3 Le statut juridique de l'anglais aux
États-Unis
Sur le plan constitutionnel, il n'existe
pas de langue officielle aux États-Unis, du moins en ce qui concerne
le gouvernement fédéral américain. La Constitution
américaine de 1787 (toujours en vigueur mais plusieurs fois modifiée
depuis) ne contient, en effet, aucune disposition linguistique.
Or, on le sait, le fait de ne pas avoir de
langue officielle n'est pas dû à un oubli de la part des auteurs de la
Constitution, car il s'agissait d'une volonté délibérée de planification
linguistique: ne pas intervenir par voie législative afin que l'anglais puisse
s'imposer par lui-même. Étant
donné que, selon la Constitution, les pouvoirs résiduels,
c'est-à-dire ceux qui ne sont pas expressément dévolus
à l'État fédéral ou aux États membres,
sont dits «conservés par les États et par le Peuple»,
la question de la langue fait partie de ces pouvoirs résiduels.
Néanmoins, l'anglais a acquis, au plan fédéral, le
statut de langue officielle dans les faits (de facto).
Il n'en est pas de même pour les États membres
de la fédération américaine; là, les législations linguistiques peuvent être
relativement importantes parce que les États y ont exercé leur «pouvoir résiduel».

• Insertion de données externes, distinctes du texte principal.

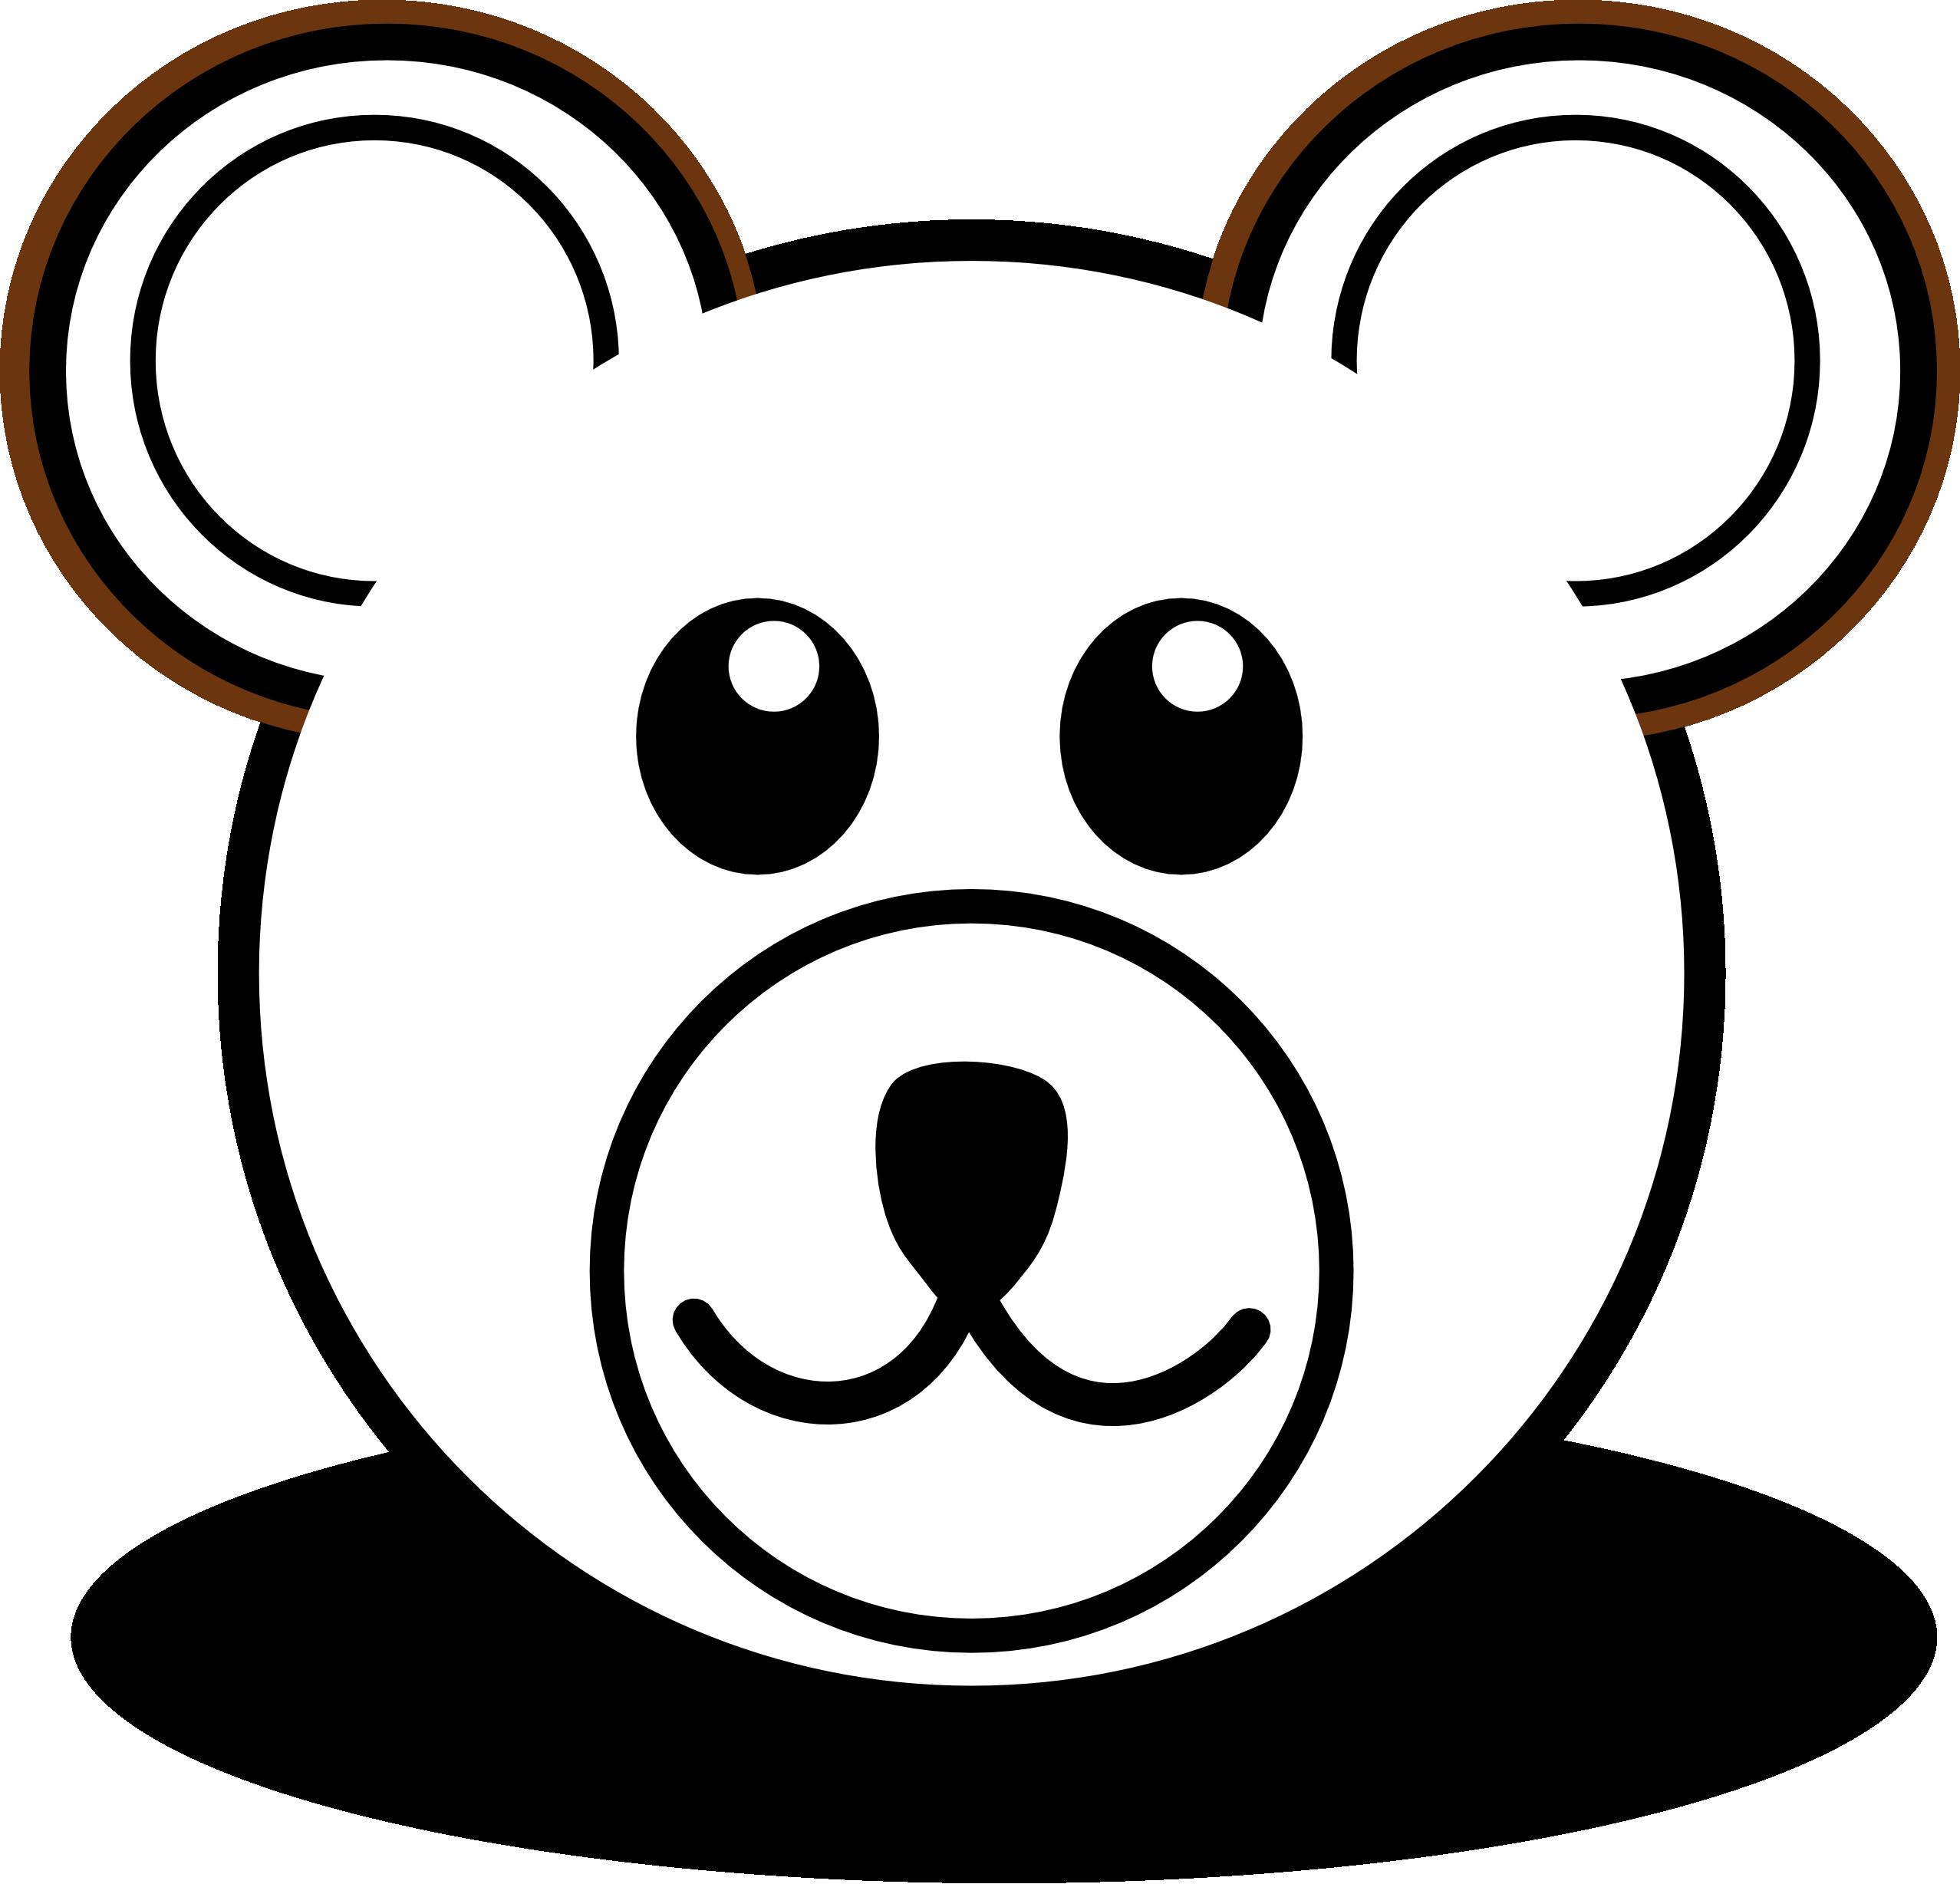 Outline Of A Teddy Bear - Cliparts.co

Plusieurs États se sont d'ailleurs dotés d'une constitution déclarant l'anglais
langue officielle et quelques-uns d'entre eux ont même adopté des lois pour
la promotion de l'anglais ou pour le maintien de certains services en d'autres
langues. En ce moment même, 2
9
États américains
ont adopté l'anglais comme langue officielle. Toutefois,
bien que 21
États n'aient pas adopté l'anglais comme langue officielle,
ils peuvent quand même légiférer en matière de langue.

De façon générale,
on peut affirmer que les Américains ont toujours maintenu dans le
passé des politiques linguistiques restrictives à l'égard
des langues minoritaires sans qu'il n'ait été nécessaire
d'adopter des lois en ce sens. En réalité, bien que la plupart
des Américains ont toujours pensé que l'anglais était
la langue officielle des États-Unis, il n'a existé, avant
1980, aucune loi faisant de l'anglais la langue officielle de la
nation. La situation a bien changé depuis quelques années,
surtout devant la progression démographique des hispanophones.